HOW TO COMPLETE THIS TASK |
In the records below, repeat word for word only the lines starting at the one that contains "- Logitech 920-007562 Teclado K380 Inalambrico Negro Bluetooth" and ending at the one that contains "1907 Rare Book", pictures excluded.

──────── DATASET

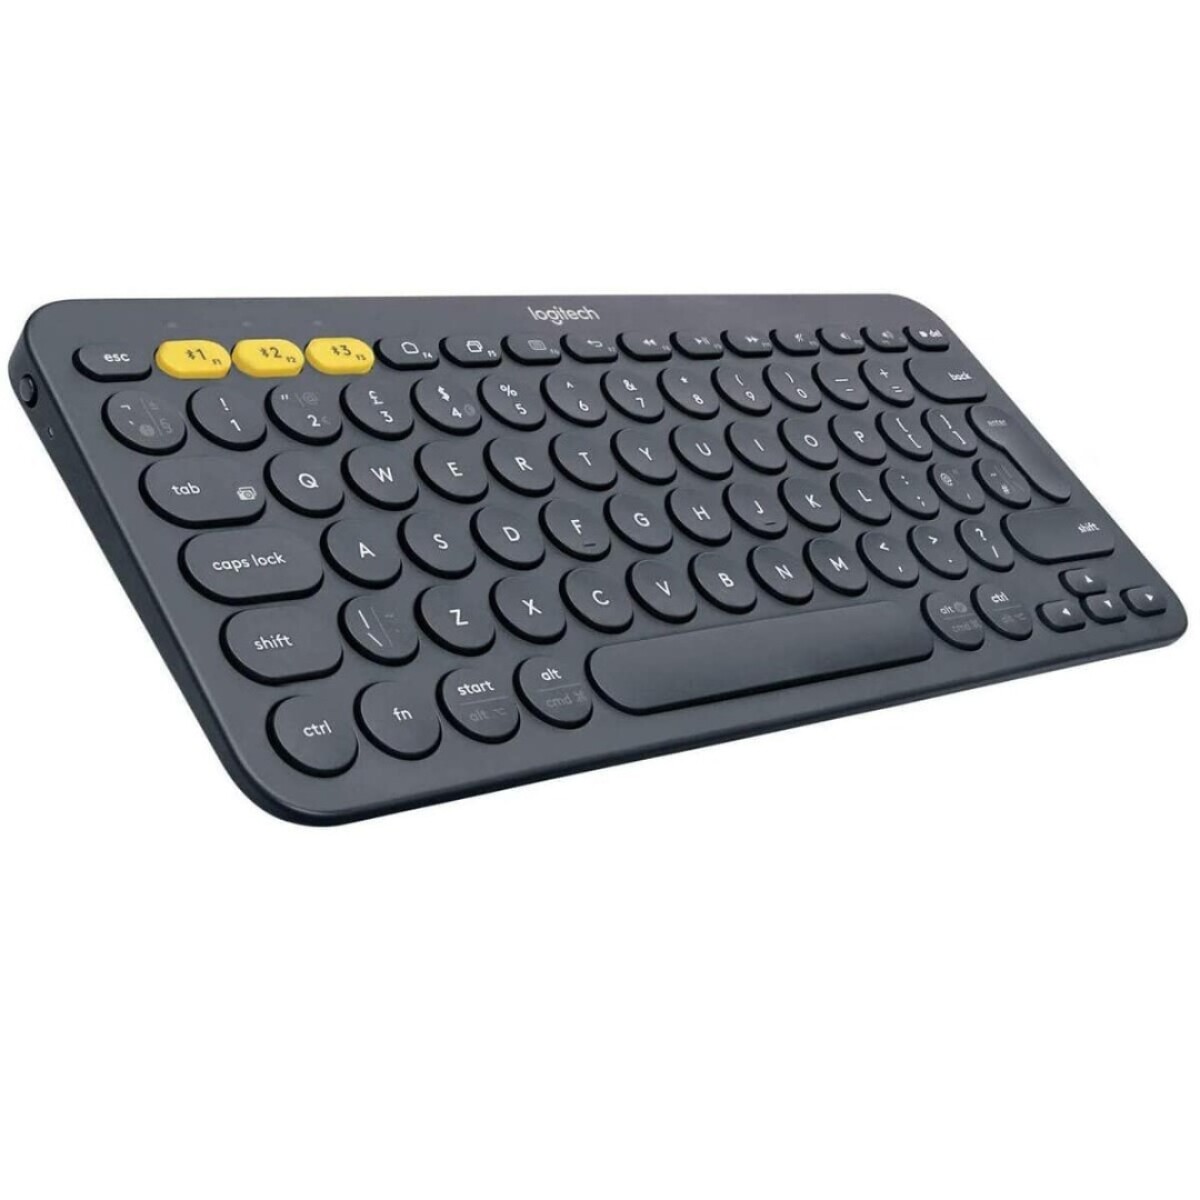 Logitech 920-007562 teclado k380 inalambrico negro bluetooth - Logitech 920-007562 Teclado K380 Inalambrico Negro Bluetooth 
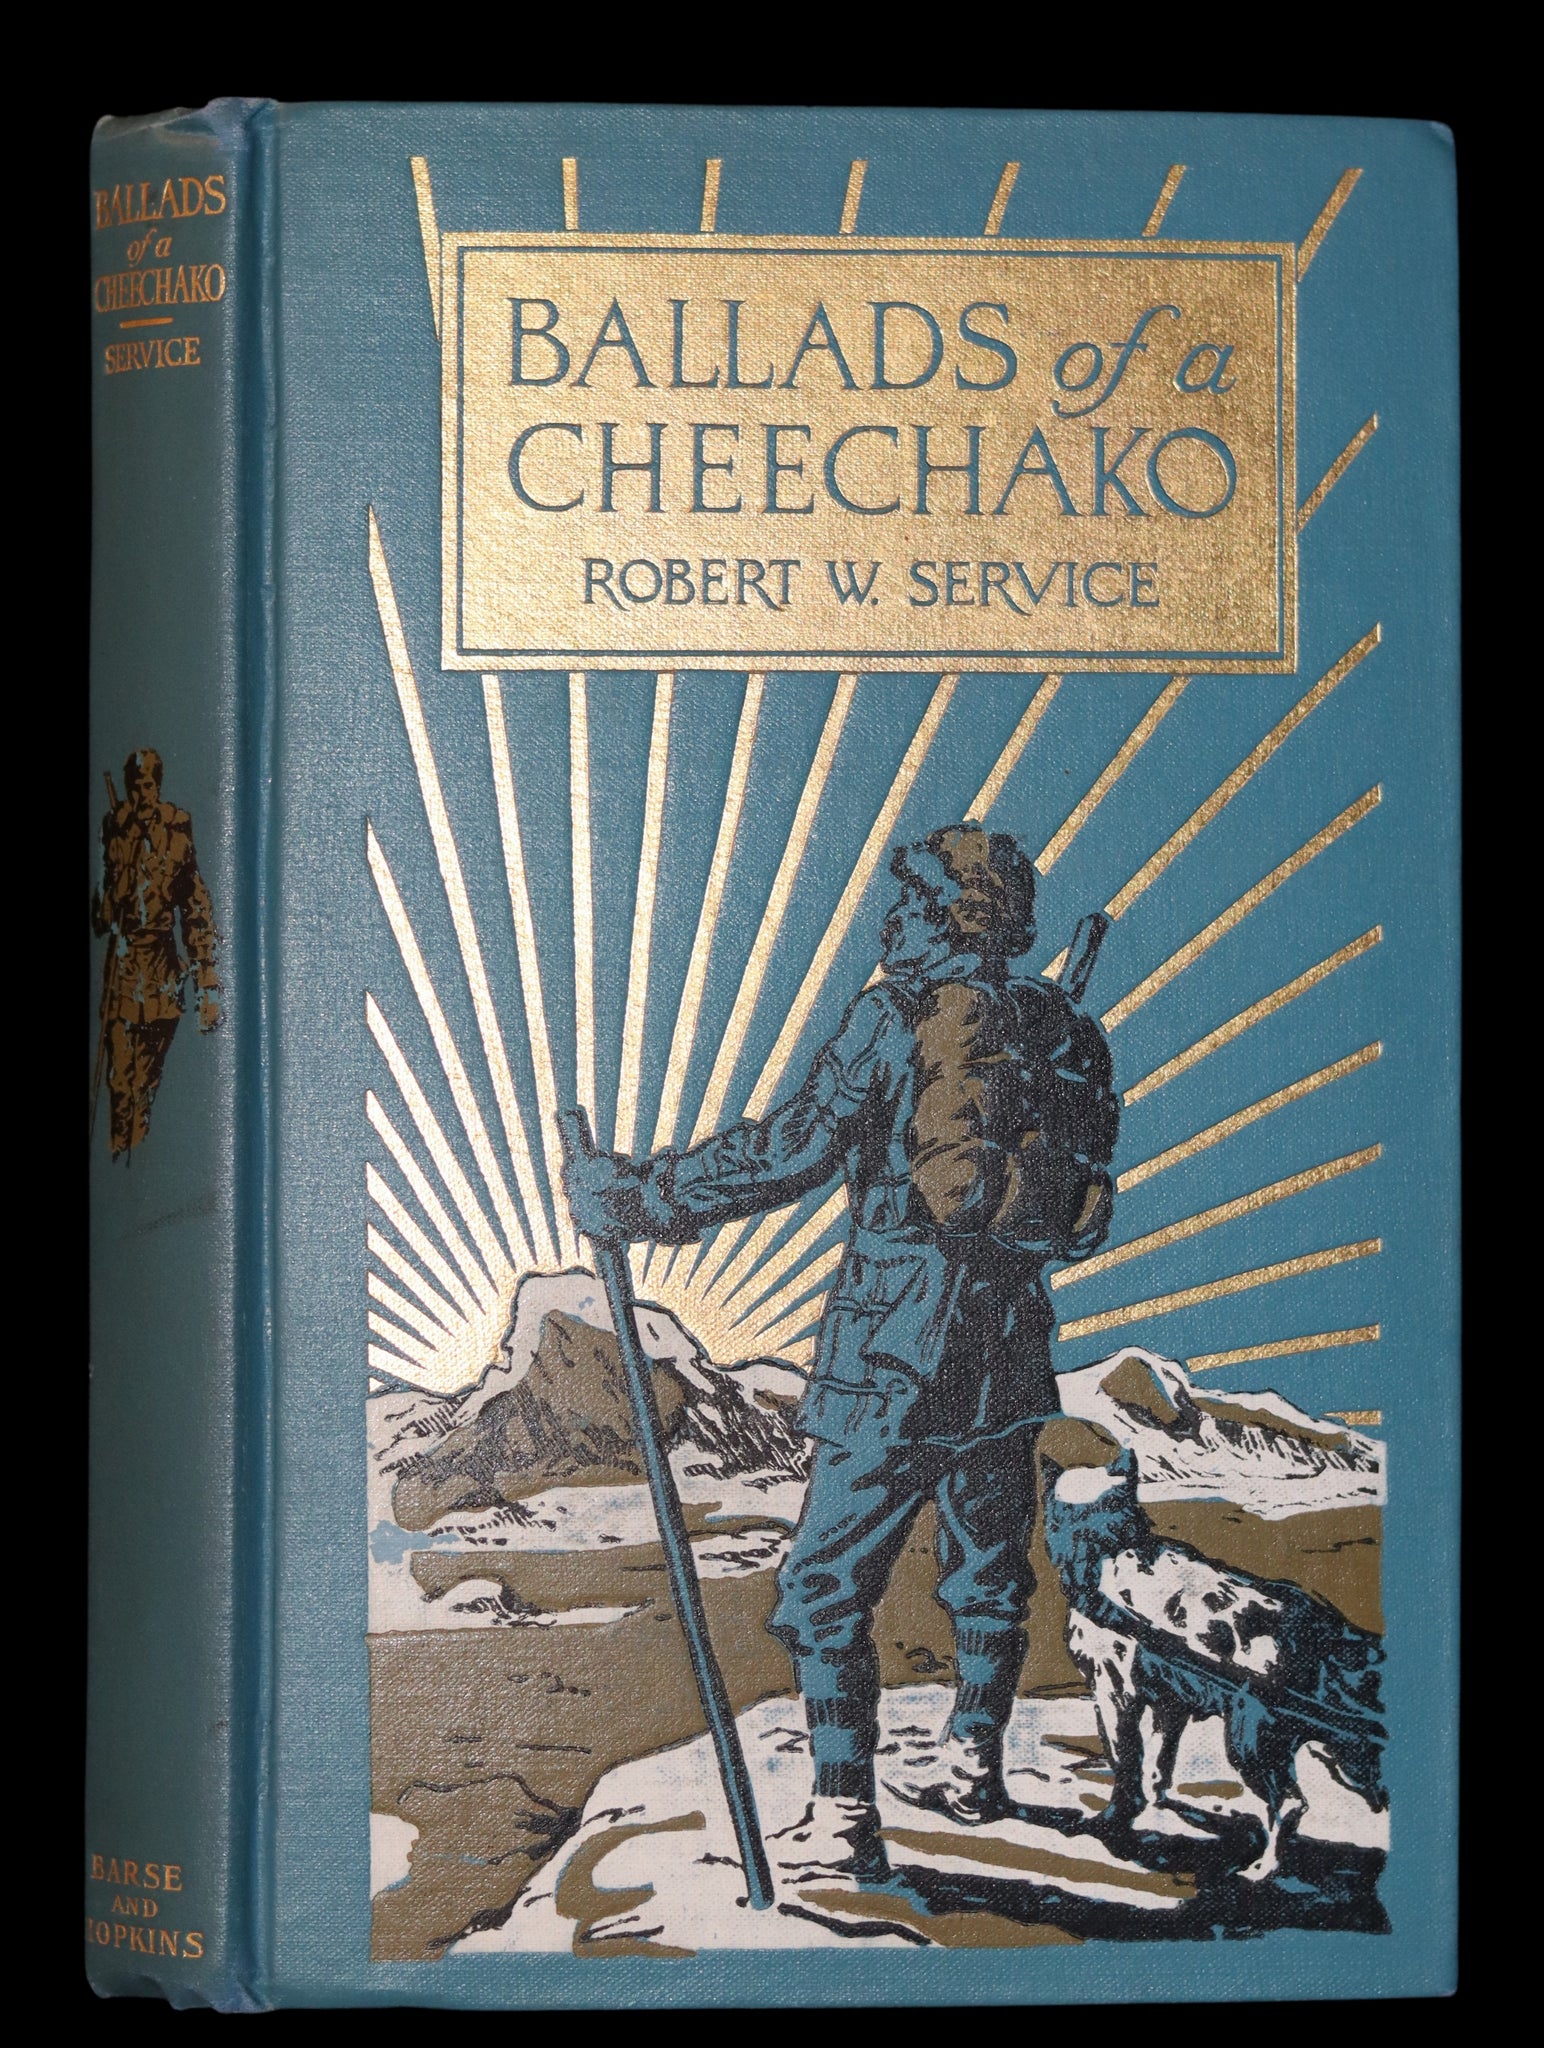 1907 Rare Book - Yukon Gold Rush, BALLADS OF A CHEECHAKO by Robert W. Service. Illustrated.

────────────────
──────── DATASET

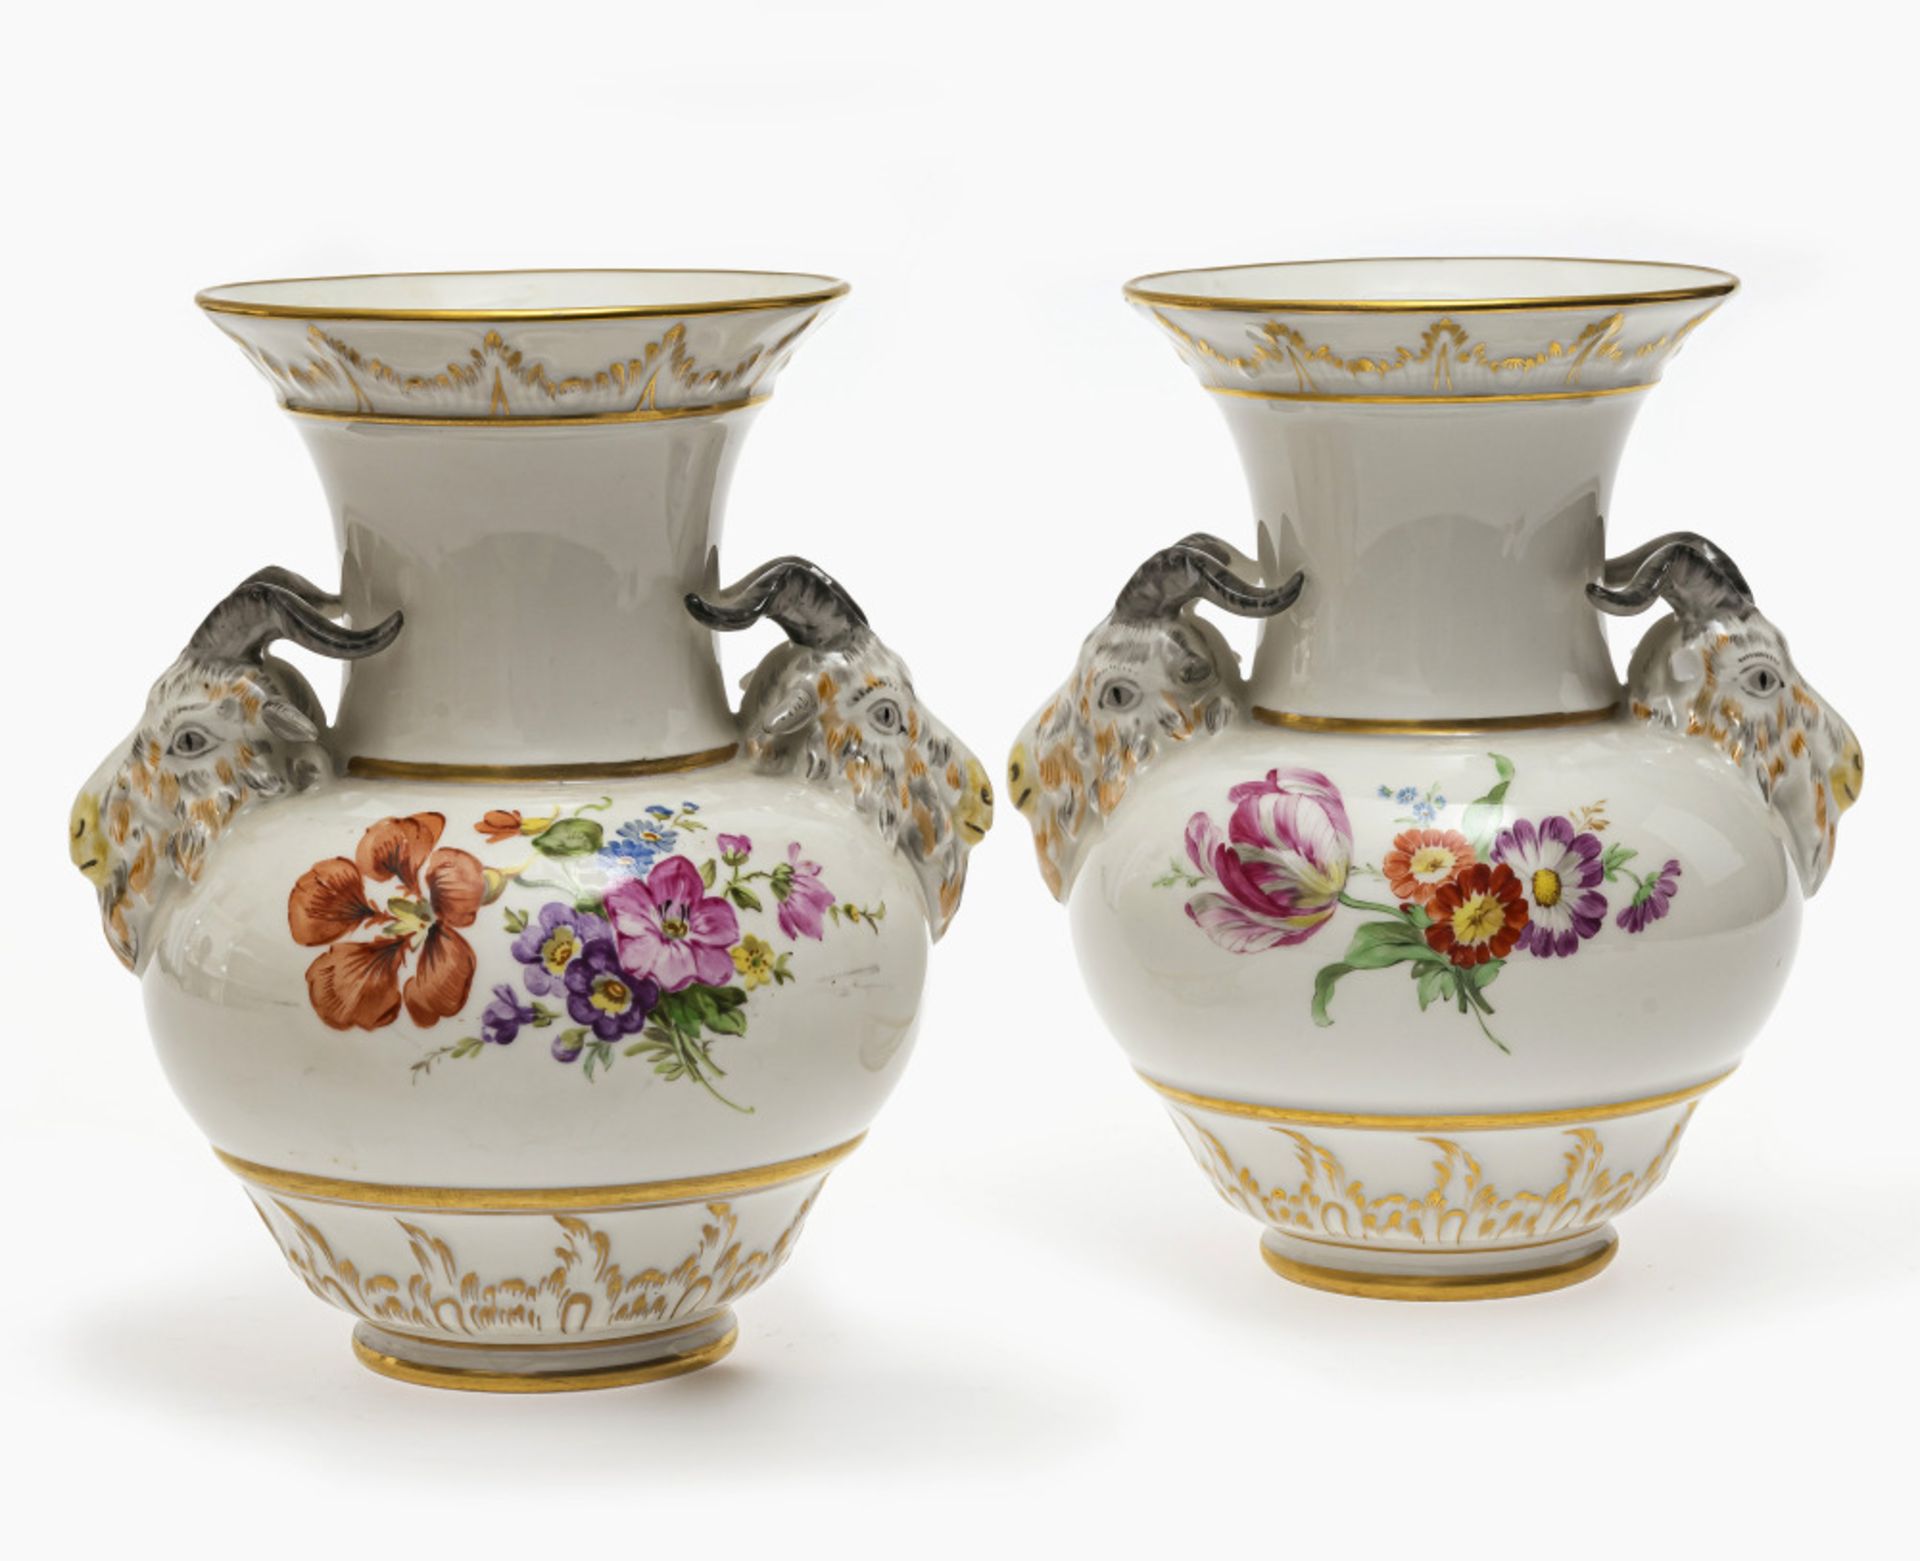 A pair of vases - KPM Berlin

────────────────

SOLUTION |
 Logitech 920-007562 teclado k380 inalambrico negro bluetooth - Logitech 920-007562 Teclado K380 Inalambrico Negro Bluetooth 
 1907 Rare Book - Yukon Gold Rush, BALLADS OF A CHEECHAKO by Robert W. Service. Illustrated.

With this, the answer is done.